Forget about 81%, Think about 1997

Two decades ago, Christine Leigh Heyrman won the Bancroft Prize (the prestigious annual book award by the Columbia University Libraries) for Southern Cross: The Beginnings of the Bible Belt. To read her epilogue is to be amazed at how fast times change.

Back then, Heyrman’s description of a suburban Baptist church in Delaware gave the impression that racial tensions were a thing of the past:

Every Sunday morning two worship services draw big audiences composed largely of middle-class families; whites predominate, but there is a sprinkling of African Americans and Asian-Americans. The lay people contribute handsomely to the maintenance of an impressive church edifice and to the construction of an ever-expanding number of smaller buildings for offices and classrooms. . . . Aside from unbelief, the sins most commonly condemned from the pulpit are adultery, drunkenness, and neglect of family and church. Preachers also routinely allude to the evils of abortion and homosexuality, but forbear elaborating their objections to such practices. What prompts such reticence is both the desire to shield young children in the congregation and to avoid offending those adults who hold differing views on these controversial matters or who oppose any mixing of religion and politics.

No mention is made of a Christian responsibility to seek social justice for the less fortunate, except on those rare Sundays when local African-American clergymen are invited to deliver the sermon. Even on these occasions, black preachers raise the issue of racism mainly to reassure whites in the congregation that all has been forgiven and forgotten in the name of their common Christianity, at which the collective sense of relief is almost palpable — though short-lived. For black ministers immediately turn to calling upon the guilty to repent of the more familiar litany of moral lapses with a driving eloquence and stark emotional force to which their white colleagues never resort. Such verbal pyrotechnics probably lie outside the scope of some white preachers, but all, in any event, studiously disdain such tactics, favoring instead low-key, genial homilies that interlace biblical references with humorous anecdotes and moral bromides. At the root of their resistance is less that they regard this tradition of fiery oratory as alien, a performance art peculiar to African Americans, but that it is all too familiar a fixture from the white evangelical past to have fallen from memory. . . . Nor is the caution of white preachers on this score misplaced, for African-American preachers elicit enthusiastic responses mainly from other black members of the congregation, while many whites register a mixture of confusion, amusement, and, above all, discomfort (256-57)
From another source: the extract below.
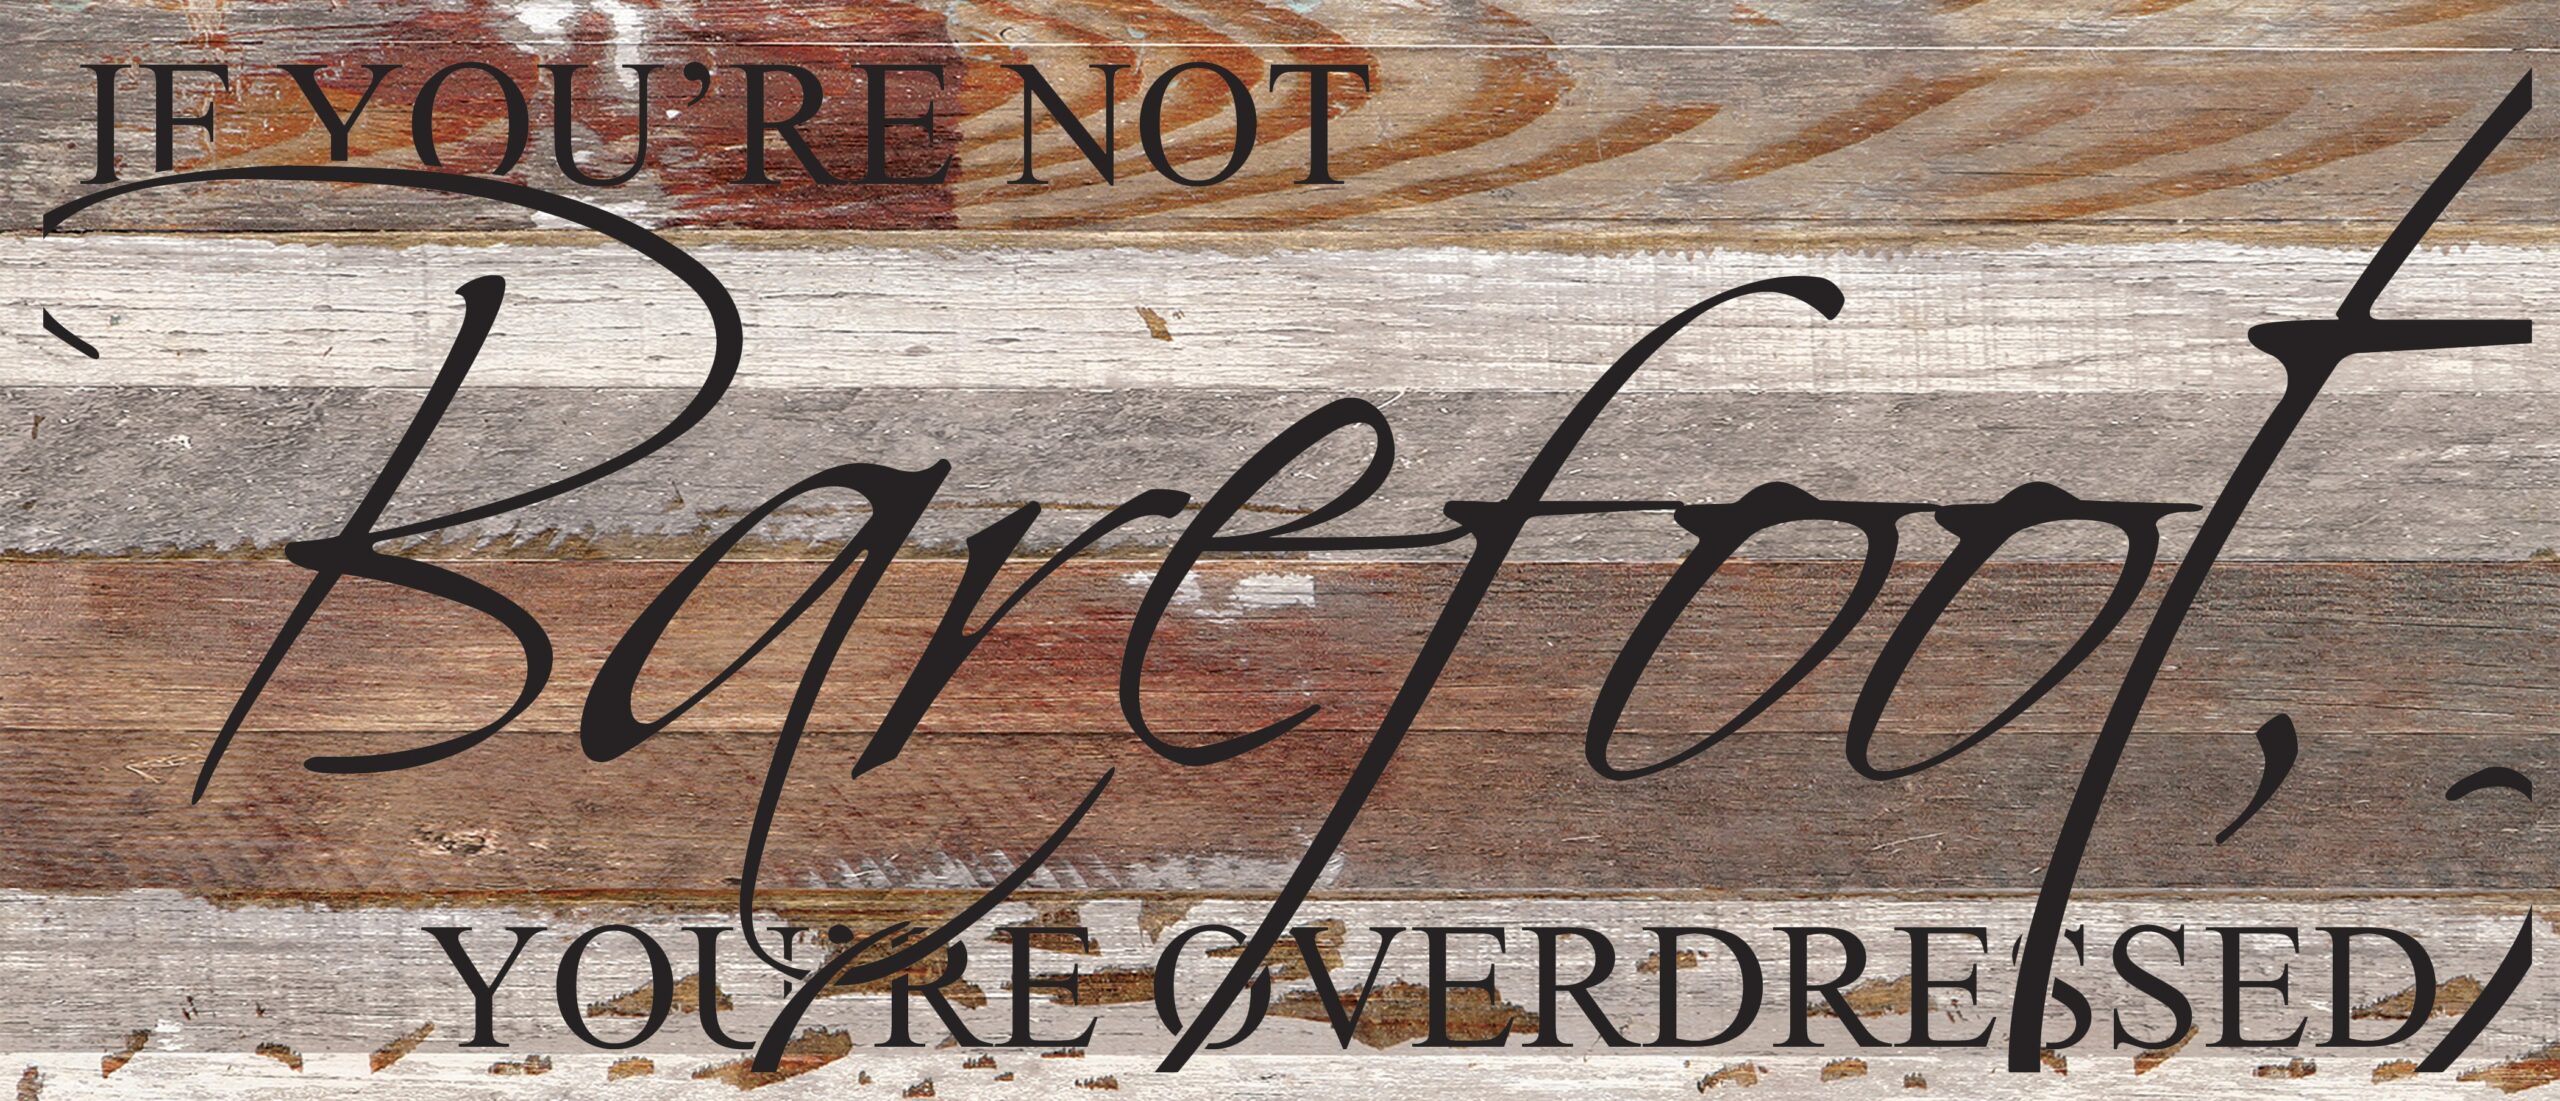 If you're not barefoot, you're overdressed. / 14"x6" Reclaimed Wood Sign

Of some note here is the idea that this white evangelical congregation was squeamish about mixing religion and politics, and that black preachers were not vocal about decrying white supremacy and its attendant sins.

That was 1997.

And yet, Heyrman also let readers know that evangelicals were scary:

Like all their predecessors, evangelical leaders in the late twentieth century seek acceptance and power by insisting that the authentic voice of “the people” finds utterance in the langauge of Canaan — as spoken in their accent — articulating their deepest desires, values, and aspirations. But, in many respects, today’s evangelicals strive to keep the faith especially with those who first introduced southerners to the way of the cross, their common ground being the resolve to recast the very cultures that they claim to represent. And they do so, as the next millennium approaches, with more imposing resources and even greater ingenuity than in any other period of American history. (260)

Imagine that. Evangelicals trying to recast America in their image with resources and power of which previous generations could only dream.

And they hadn’t even discovered Donald Trump.